The registration statement, the tender offer statement on Schedule TO, as amended, and other related documents can be obtained for free from the SEC’s Electronic Document Gathering and Retrieval System (EDGAR), which may be accessed at www.sec.gov. Documents are also available for free upon written or oral request made to the office of the Corporate Secretary, Evergreen Solar, Inc., 138 Bartlett Street, Marlboro, Massachusetts 01752 (Telephone (508) 357-2221) and from the Company’s website at www.evergreensolar.com, or the information agent, The Proxy Advisory Group, LLC, at (212) 616-2180.
Non-Solicitation
This press release does not constitute an offer to purchase, a solicitation of an offer to purchase, or a solicitation of an offer to sell securities. The exchange offers will not be made to, and the Company will not accept tenders for exchange from, holders of its existing 4% notes and existing 13% notes in any jurisdiction in which the exchange offers or the acceptance of such offers would not be in compliance with the securities or blue sky laws of that jurisdiction.

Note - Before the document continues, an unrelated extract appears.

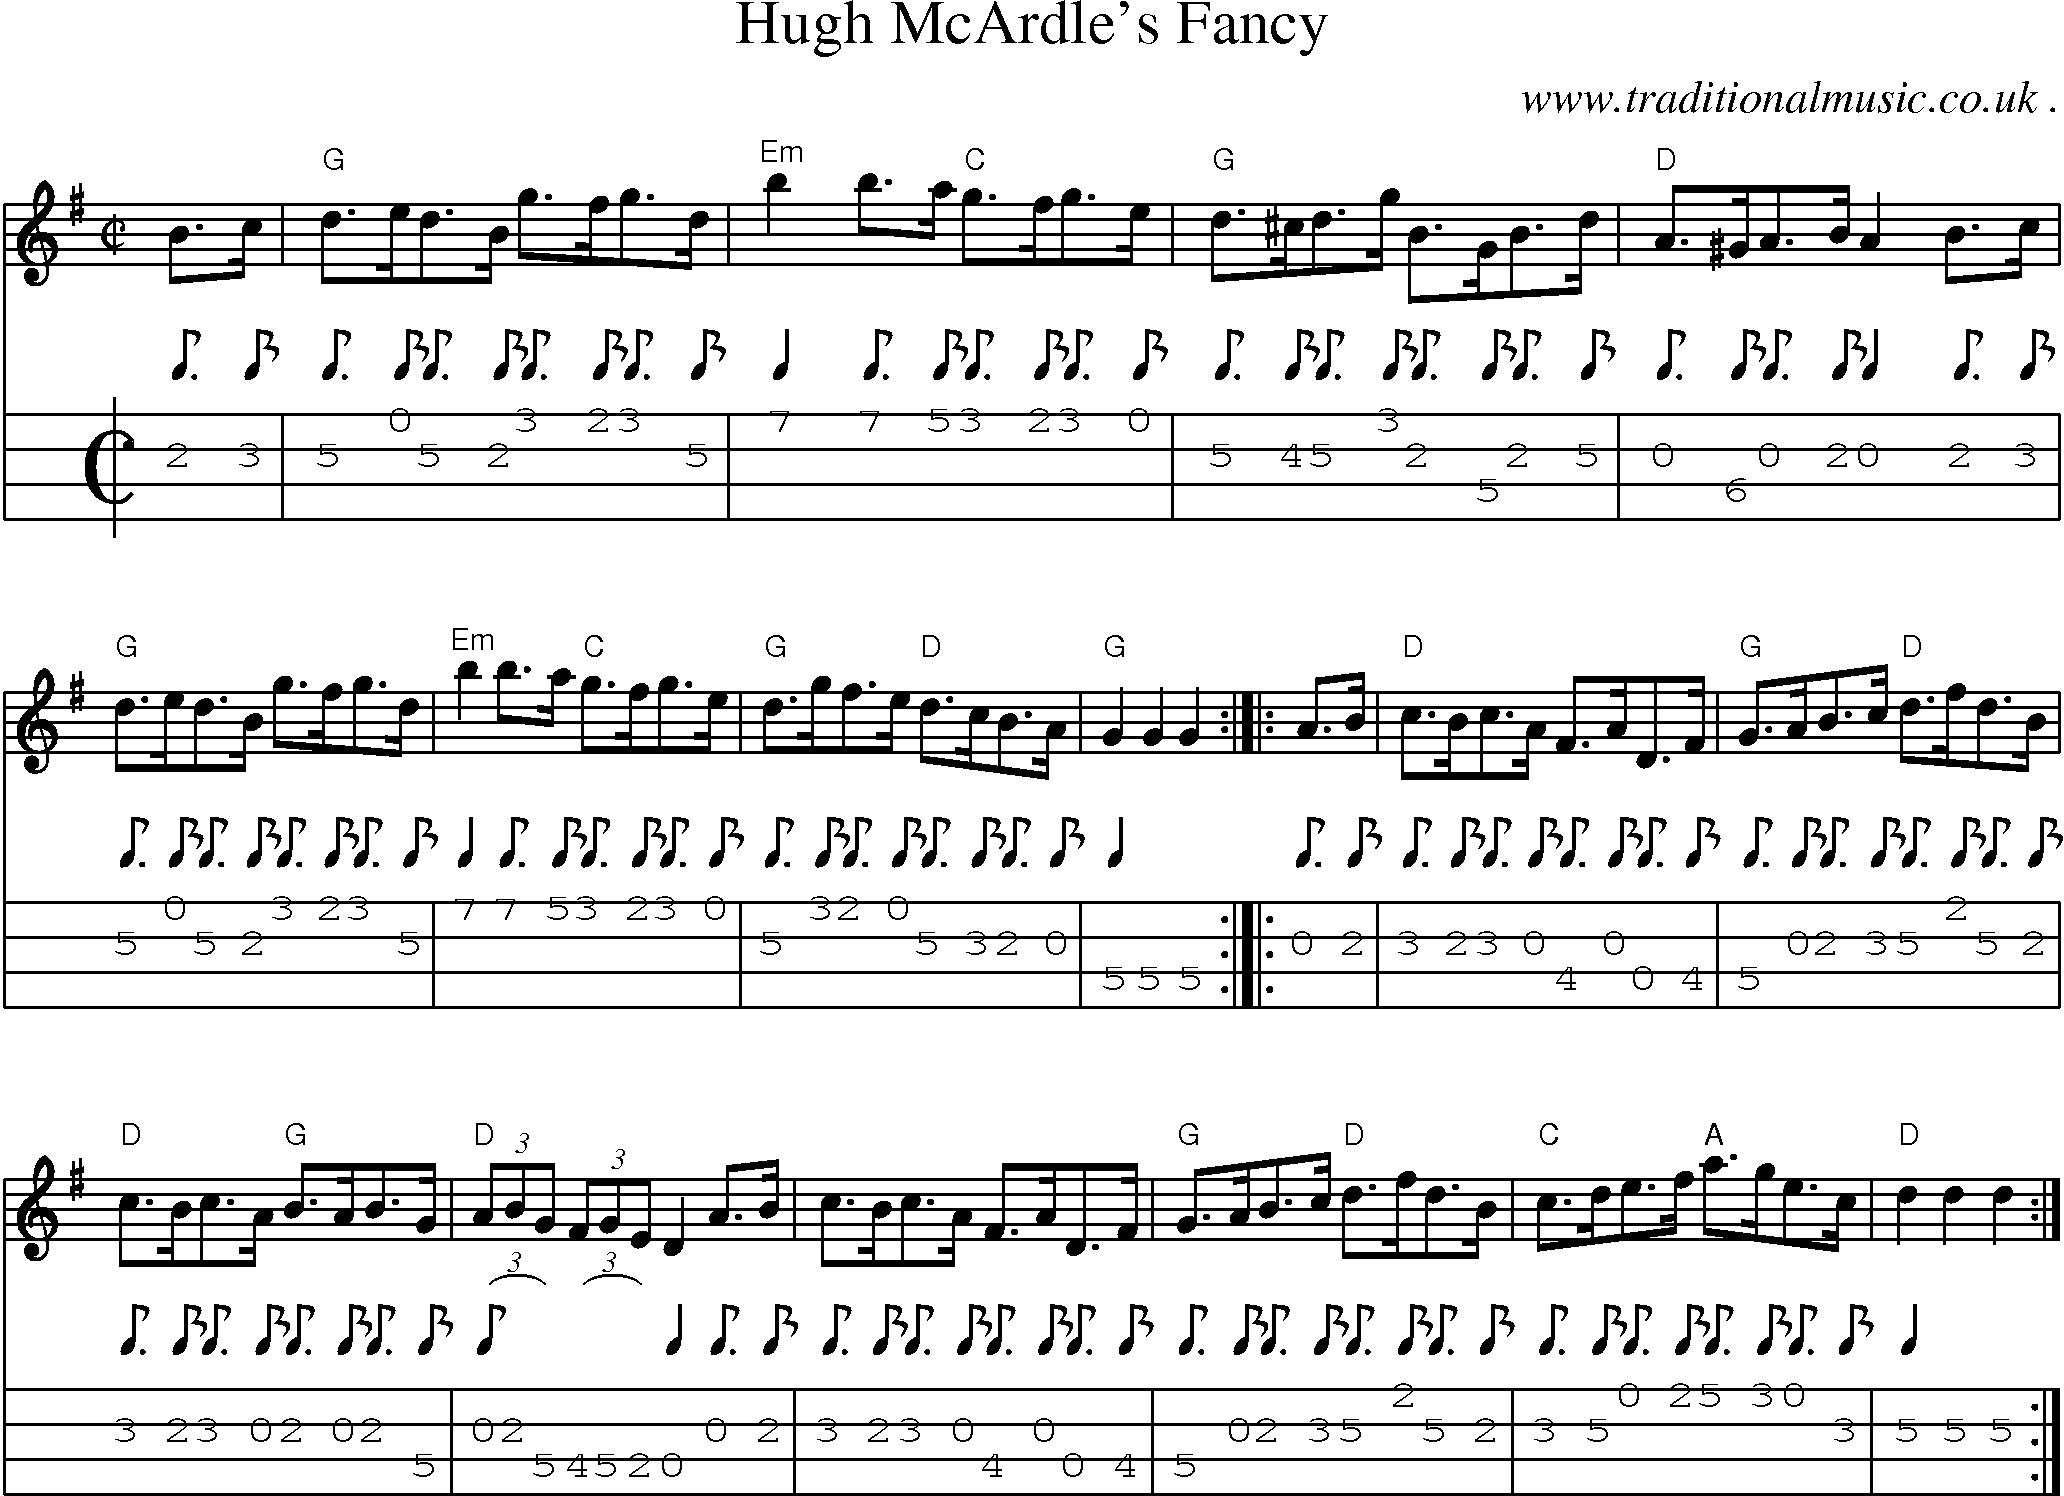 Music Score and Guitar Tabs for Hugh Mcardles Fancy

About Evergreen Solar, Inc.
Evergreen Solar, Inc. develops, manufactures and markets String Ribbon solar power products using its proprietary, low-cost silicon wafer technology. The Company's patented wafer manufacturing technology uses significantly less polysilicon than conventional processes. Evergreen Solar's products provide reliable and environmentally clean electric power for residential and commercial applications globally. For more information about the Company, please visit www.evergreensolar.com. Evergreen Solar and String Ribbon are registered trademarks of Evergreen Solar, Inc.
Safe Harbor Statement
This press release includes statements regarding expectations, beliefs, strategies, goals, outlook and other non-historical matters. Forward-looking statements include but are not limited to statements about the form and timing of the exchange offers and consent solicitation. These forward-looking statements are neither promises nor guarantees and are subject to a number of risks and uncertainties that could cause actual results to differ materially from the Company’s current expectations. Factors that could cause or contribute to such differences include the risk that the Company does not complete the exchange offers when planned or at all. Further discussions of these and other potential risk factors may be found in the Company’s public filings with the SEC (www.sec.gov), including its Form 10-K for the fiscal year ended December 31, 2009. Forward-looking statements speak only as of the date they are made. The Company undertakes no obligation to update any forward-looking statements, except as may be required by law.